For years, the fixed term was the favorite refuge of the Argentine saver. Without the need for financial knowledge, just by going to the bank and depositing the money, the promise was simple: in 30 days, more money. For much of 2025 it was a ‘useful’ investment, but in 2026, it lost its appeal.

It is no small change. It marks a break in the behavior of the average saver, who begins to face an uncomfortable but inevitable question: what to do with the pesos when traditional tools are no longer enough?

According to data from the Central Bank, the average annual nominal rate (TNA) for retail fixed terms is around 19% – with entities that offer up to a minimum of 15% TNA.
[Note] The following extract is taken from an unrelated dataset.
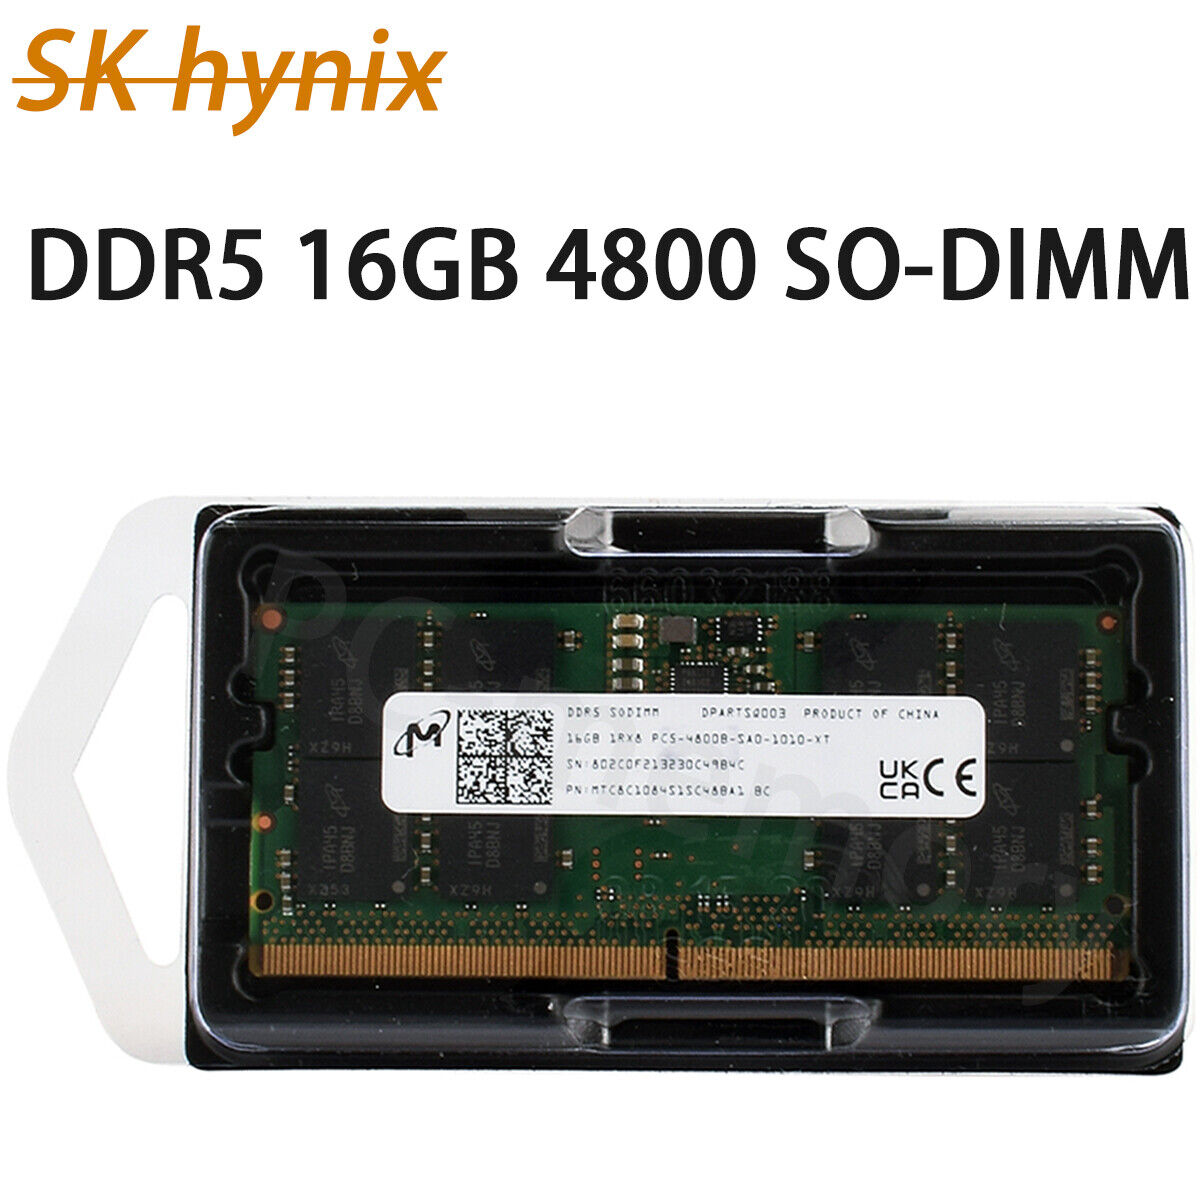 SK hynix 8GB 16GB 32GB DDR5 SO-DIMM 5600/4800 MHz Laptop Memory for HP Dell lot

In monthly terms, this average is equivalent to a return close to 1.6%. The problem is that the most recently presented inflation, for the month of March 2026, measured by the INDEC, was 3.4% monthly, more than double what a traditional fixed term yields.

And it is not an isolated month. Inflation has accumulated 10 consecutive months without falling. The interannual index reaches 32.6%, while in the first months of 2026 it already amounts to 9.4%, above the 8.6% registered in the same period of the previous year.

Far from reversing this situation, the Central Bank’s signals are going in another direction. In the last month, it reduced bank reserves by 5 percentage points and made integration requirements more flexible from 75% to 65%. The measure aims to reactivate consumption and economic activity, but also leaves an implicit message: rates will remain low for a while. This makes it even more difficult for the traditional fixed term to regain attractiveness in real terms.

The projections from the Market Expectations Survey (REM) do not change the outlook much either. Although a slowdown in inflation is expected – with estimates of 2.6% for April and 2.3% for May – the projected levels are still above the performance of traditional banking instruments.

The shift towards instruments that adjust for inflation. Faced with this scenario, the behavior of the market begins to change. Interest in instruments that adjust for inflation, such as the UVA fixed term or the CER bonds. During April, for example, a new UVA fixed-term version was launched that pays monthly interest, although it keeps the capital tied up until the end of the period, which can extend up to 1,095 days.

Although this option is attractive to protect savings, lack of liquidity continues to be a barrier for many savers. For this reason, alternatives such as indexed bonds are gaining ground, including the TZXS8, which offers an annual internal rate of return of 8.6% above inflation. What the data show is that the Argentine saver can no longer remain static. With inflation that far exceeds bank rates (32.6%), leaving money in a savings account or in a traditional fixed term implies, in practice, losing purchasing power. In this context, according to financial experts, doing nothing is also a decision — and generally, a costly one.

Conclusion. The end of the fixed term as an “automatic” option leaves a deeper lesson: understanding the economic context becomes essential to make financial decisions. Financial education is not only a tool to invest better, but to interpret what is happening and choose more wisely what to do with the money.

In a scenario where the rules change, having information and training is no longer an advantage, but a necessity. Because, ultimately, it’s not just about how much you earn, but how much you keep over time. And in today’s Argentina, that difference can be measured in pesos—or in what they can no longer buy.